However, there is no requirement that one store multiple
copies in the exact same way. C-Store allows redundant
objects to be stored in different sort orders providing
higher retrieval performance in addition to high
availability. In general, storing overlapping projections
further improves performance, as long as redundancy is
crafted so that all data can be accessed even if one of the
G sites fails. We call a system that tolerates K failures Ksafe.
C-Store will be configurable to support a range of
values of K.
It is clearly essential to perform transactional updates,
even in a read-mostly environment. Warehouses have a
need to perform on-line updates to correct errors. As well,
there is an increasing push toward real-time warehouses,
where the delay to data visibility shrinks toward zero. The
ultimate desire is on-line update to data warehouses.
Obviously, in read-mostly worlds like CRM, one needs to
perform general on-line updates.
There is a tension between providing updates and
optimizing data structures for reading. For example, in
KDB and Addamark, columns of data are maintained in
entry sequence order. This allows efficient insertion of
new data items, either in batch or transactionally, at the
end of the column. However, the cost is a less-thanoptimal
retrieval structure, because most query workloads
will run faster with the data in some other order.
However, storing columns in non-entry sequence will
make insertions very difficult and expensive.

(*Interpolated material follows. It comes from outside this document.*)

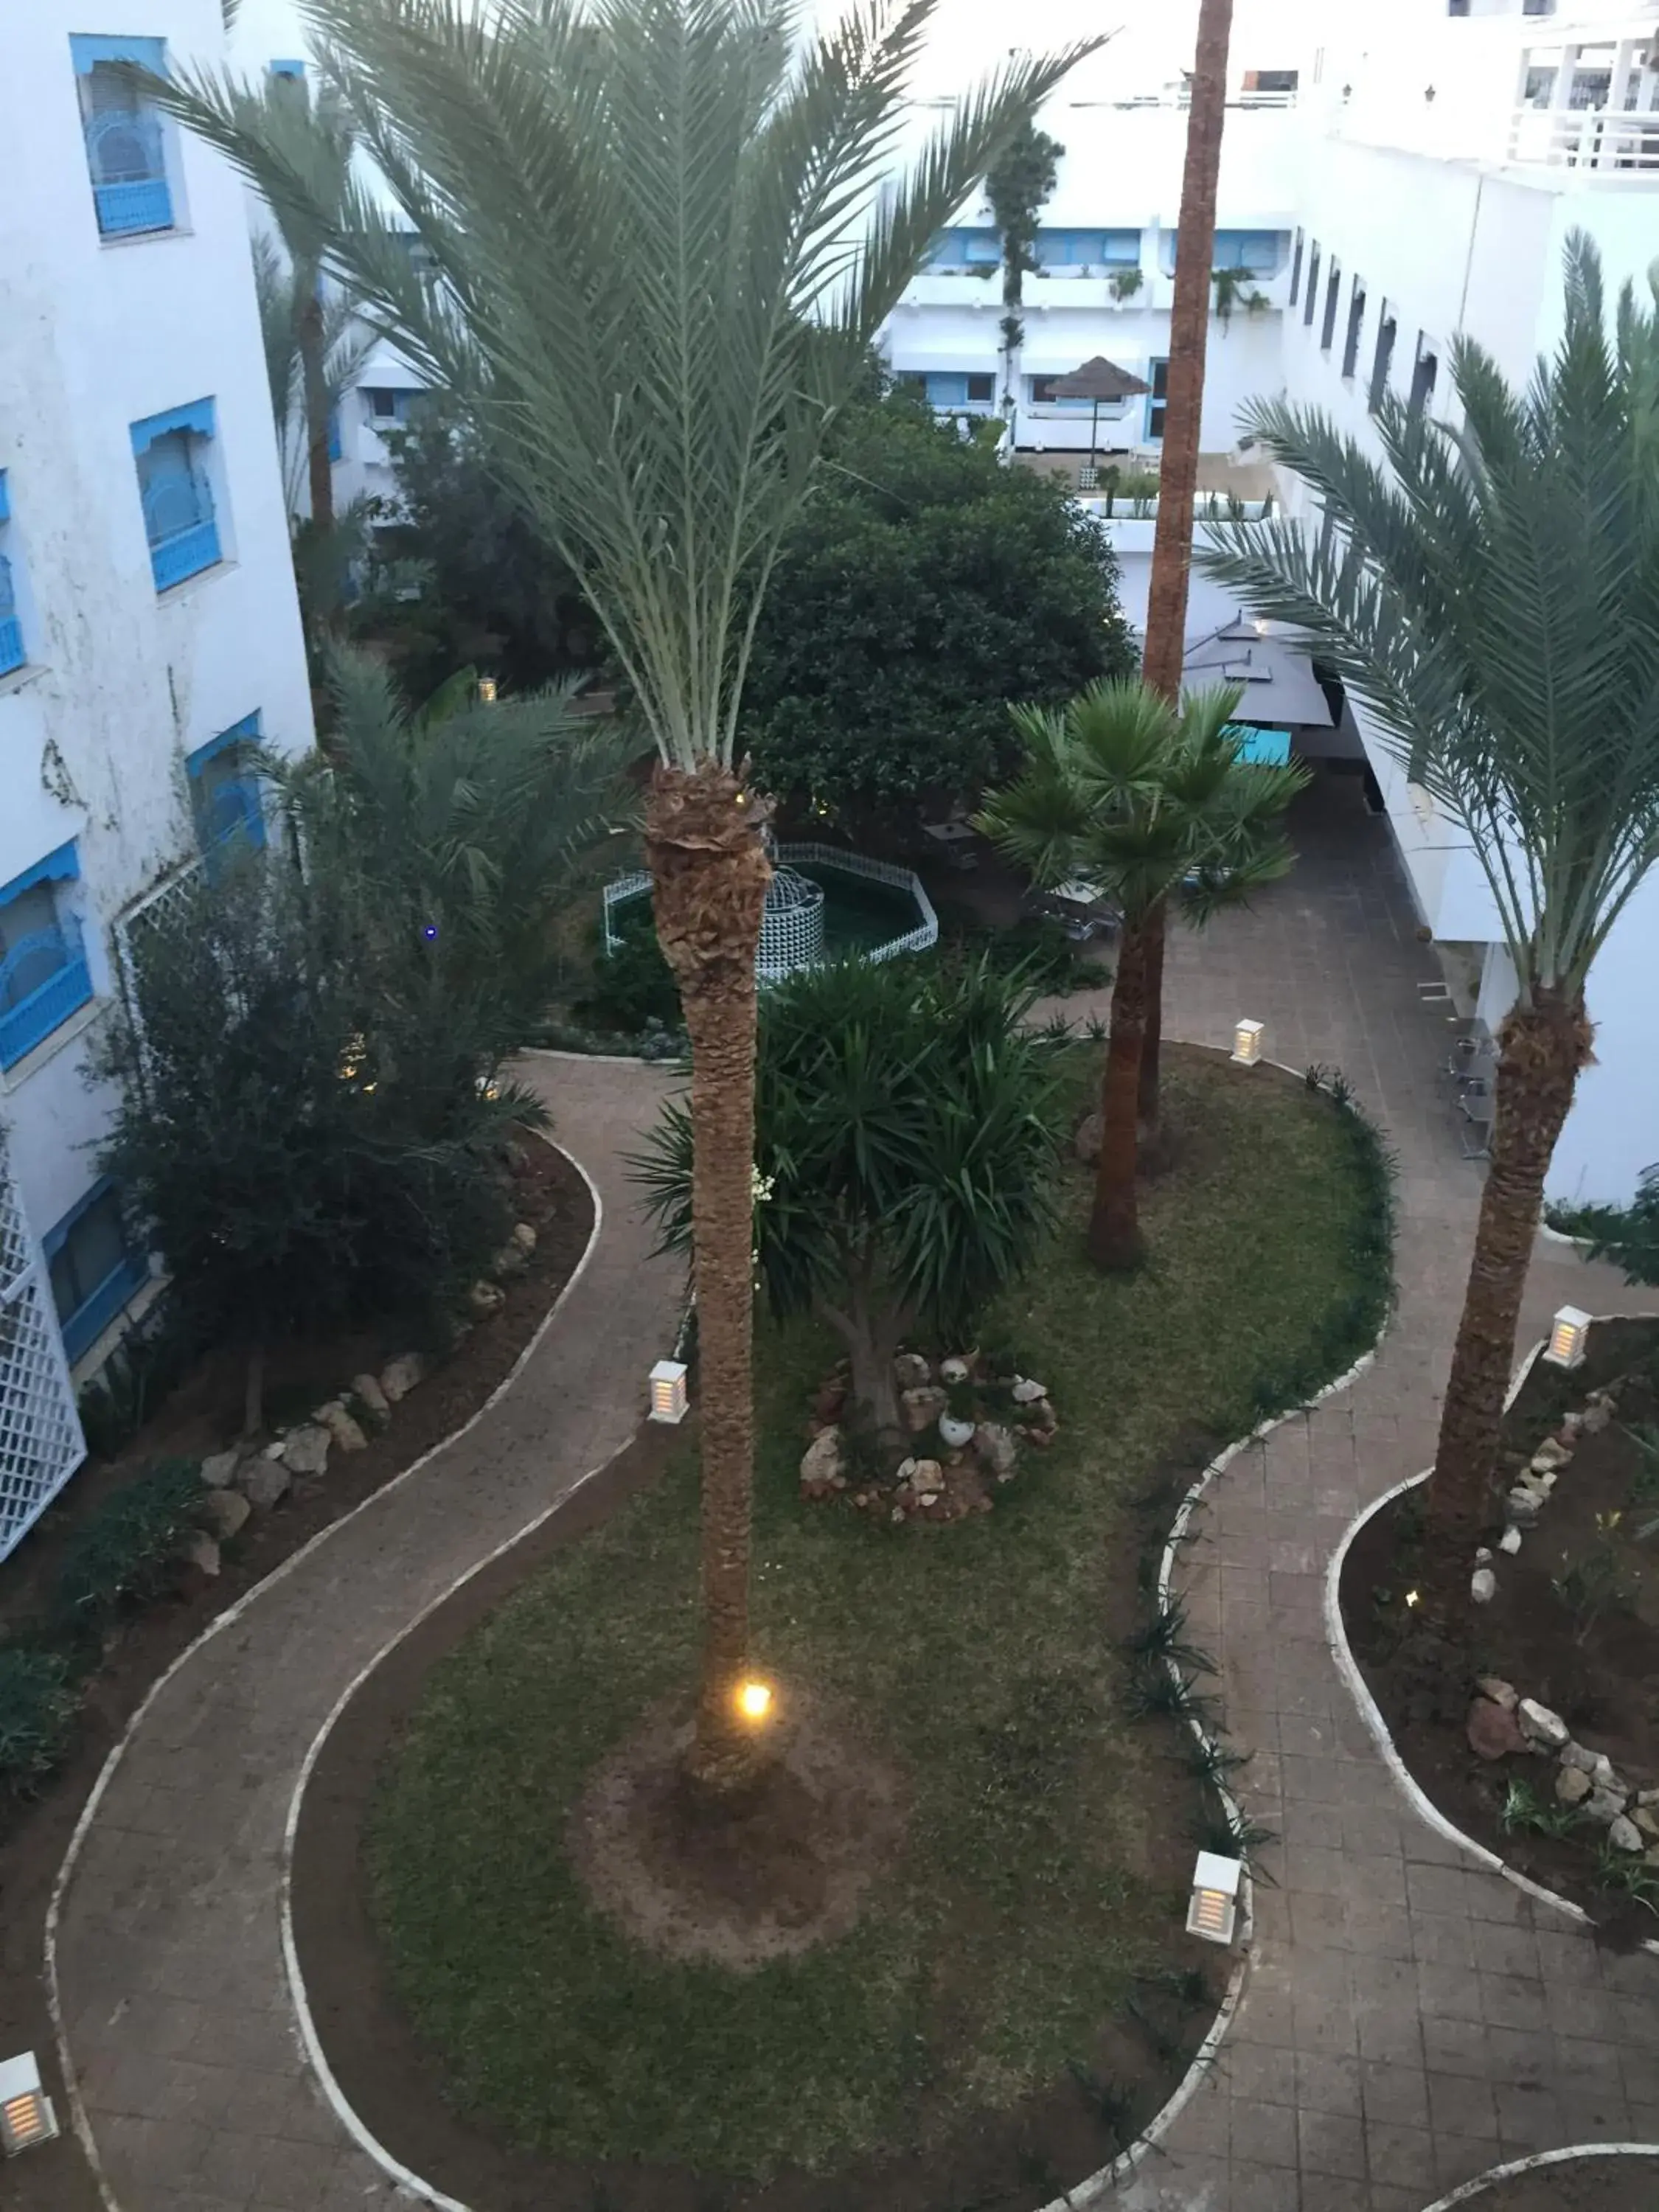 Garden in Hotel La Residence Hammamet

C-Store approaches this dilemma from a fresh
perspective. Specifically, we combine in a single piece of
system software, both a read-optimized column store and
an update/insert-oriented writeable store, connected by a
tuple mover, as noted in Figure 1. At the top level, there
is a small Writeable Store (WS) component, which is
architected to support high performance inserts and
updates. There is also a much larger component called the
Read-optimized Store (RS), which is capable of
supporting very large amounts of information. RS, as the
name implies, is optimized for read and supports only a
very restricted form of insert, namely the batch movement
of records from WS to RS, a task that is performed by the
tuple mover of Figure 1.